- The Washington Times - Tuesday, April 5, 2005

VATICAN CITY — Hundreds of thousands of pilgrims and ordinary Romans filed past Pope John Paul II’s body to pay their last respects yesterday after his remains were carried on a red velvet bier to St. Peter’s Basilica from the Apostolic Palace.

Police lined the majestic Via della Conciliazione avenue leading to the basilica as the throng moved through St. Peter’s doors after a prayer service attended by cardinals, bishops and dignitaries.

There was no immediate report of anyone hurt in the rush to venerate the pontiff, whose body was placed at a spot just before the tomb of St. Peter, the first pope.

On John Paul’s feet were a pair of the simple brown leather shoes he favored during his 26-year pontificate and wore on many of his trips to more than 120 countries.

He will be buried in a grotto underneath the basilica after a funeral on Friday, expected to be attended by about 2 million.

Earlier, the Vatican press corps was permitted to see the pope’s body laid out in the Clementine Hall of the Apostolic Palace, where it was taken from his private apartment after he died at age 84 on Saturday evening.

Some Catholics crossed themselves in front of the remains, and women of all ages in black veils curtsied as they stopped for a few seconds to bid a personal farewell to one of the most-loved pontiffs in history.

The pope’s body was on display until 2 a.m. today when the basilica was closed for three hours before the procession of mourners from around the world was to start streaming past the body again.

The sad but expectant crowd began congregating in front of the basilica at noon yesterday. By midnight, police said the line was two miles long.

Those waiting next to St. Peter’s Square broke into applause — a sign of respect for the dead in Italy — when 12 pallbearers, flanked by Swiss Guards in red-plumed helmets, carried the body on the crimson litter through the bronze door of the Apostolic Palace into the vast piazza.

“Walking towards him in that church, so big, so grandiose, was like walking into heaven towards a saint,” Sister Maximina Semita, a Mexican nun who happened to be on pilgrimage in Rome when the pope died, told Reuters news agency. She had waited eight hours.

“I felt many emotions, sadness at our loss and joy that he is in heaven. The experience has strengthened my vocation,” she said.

The College of Cardinals at a meeting attended by 65 of the “princes of the church” yesterday decided to hold the papal funeral Friday.

President Bush and dozens of other heads of state and government are expected to attend, as well as royalty, including Britain’s Prince Charles, who postponed his wedding day to Camilla Parker Bowles, which was also scheduled for Friday.

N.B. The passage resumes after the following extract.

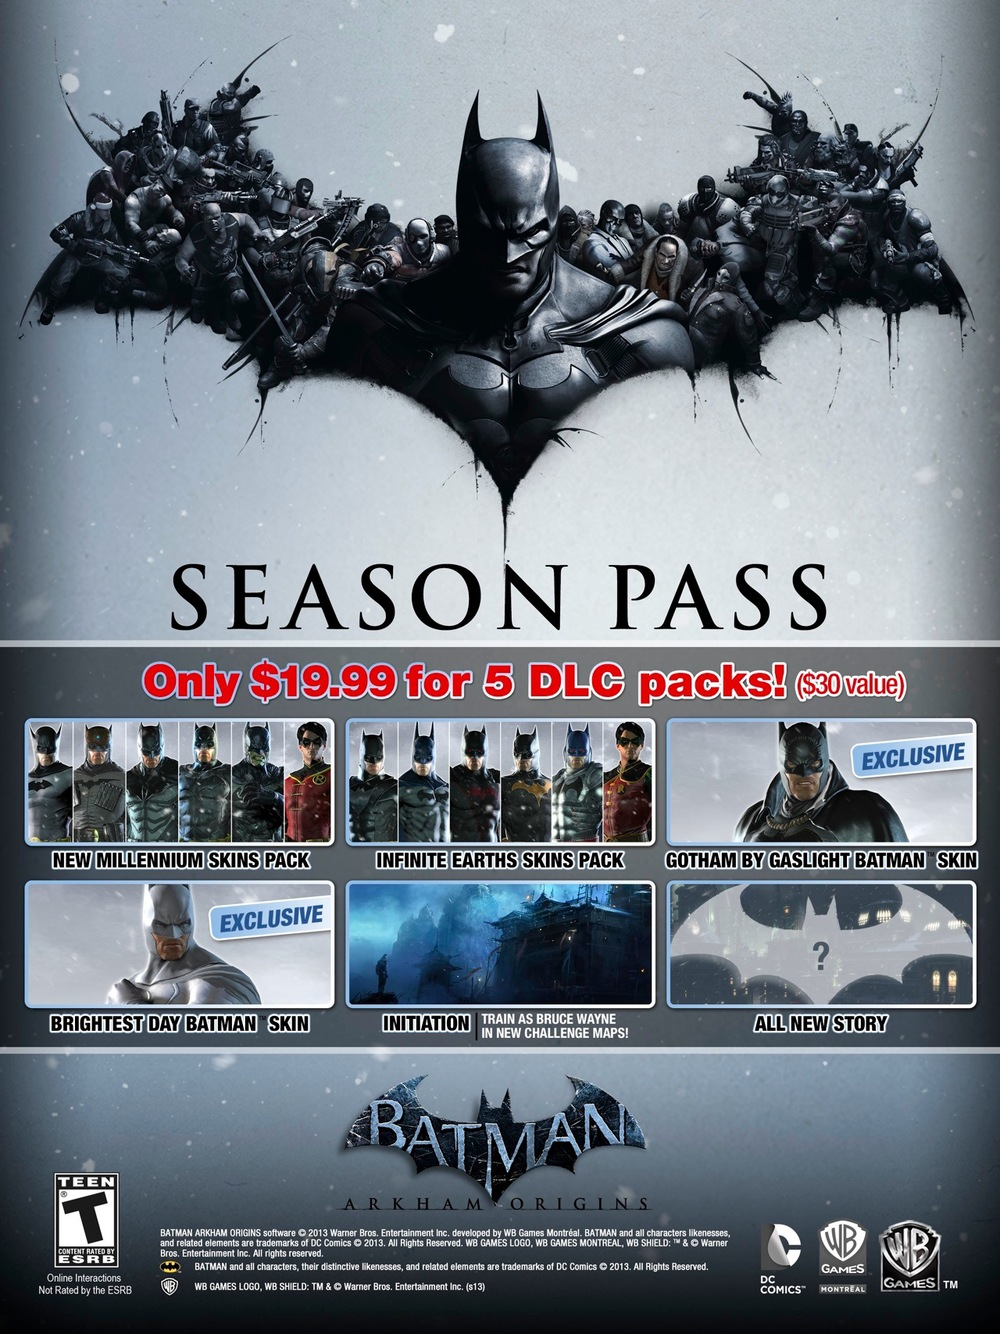 Batman_ArkhamOrigins_SeasonPass_US.jpg

Many press reports described the procession carrying the pope’s body to the basilica as his last earthly journey, but speculation persisted as to whether his heart at least might be buried alongside Polish kings and saints in the city of Krakow, where the pontiff was archbishop.

There was intermittent speculation in the past that the pope may have left instructions to be buried in his Polish homeland, but a Vatican spokesman said John Paul “did not show any such wish.”

The spokesman, Joaquin Navarro-Valls, said John Paul would “almost surely” be buried in the tomb where Pope John XXIII lay before he was brought up onto the main floor of the basilica.

John XXIII was moved after his 2000 beatification because so many pilgrims wanted to visit his tomb, and the grotto is in a cramped underground space.

Meanwhile, Cuba announced three days of national mourning beginning Sunday, and Hungary will hold a national day of mourning on Friday.

But in Ireland, an overwhelmingly Catholic nation, Irish Prime Minister Bertie Ahern stirred arguments by refusing to do the same.

In Rome, more than 6,000 extra police, including snipers, bomb-disposal experts and motorcycle escorts, were deployed to protect the crowds of faithful and world leaders converging on the Vatican.

About 1,500 officers will be assigned to the hundreds of the foreign dignitaries expected to attend Friday’s funeral. The Interior Ministry said it has enough armored cars to protect those who need them.

Despite the large number of uniformed police around St. Peter’s Square and in the tourist areas of Rome yesterday, there was no imposing presence of riot squads or police helicopters. If snipers were on rooftops, they were out of view of people in the square.

This article is based in part on wire service reports.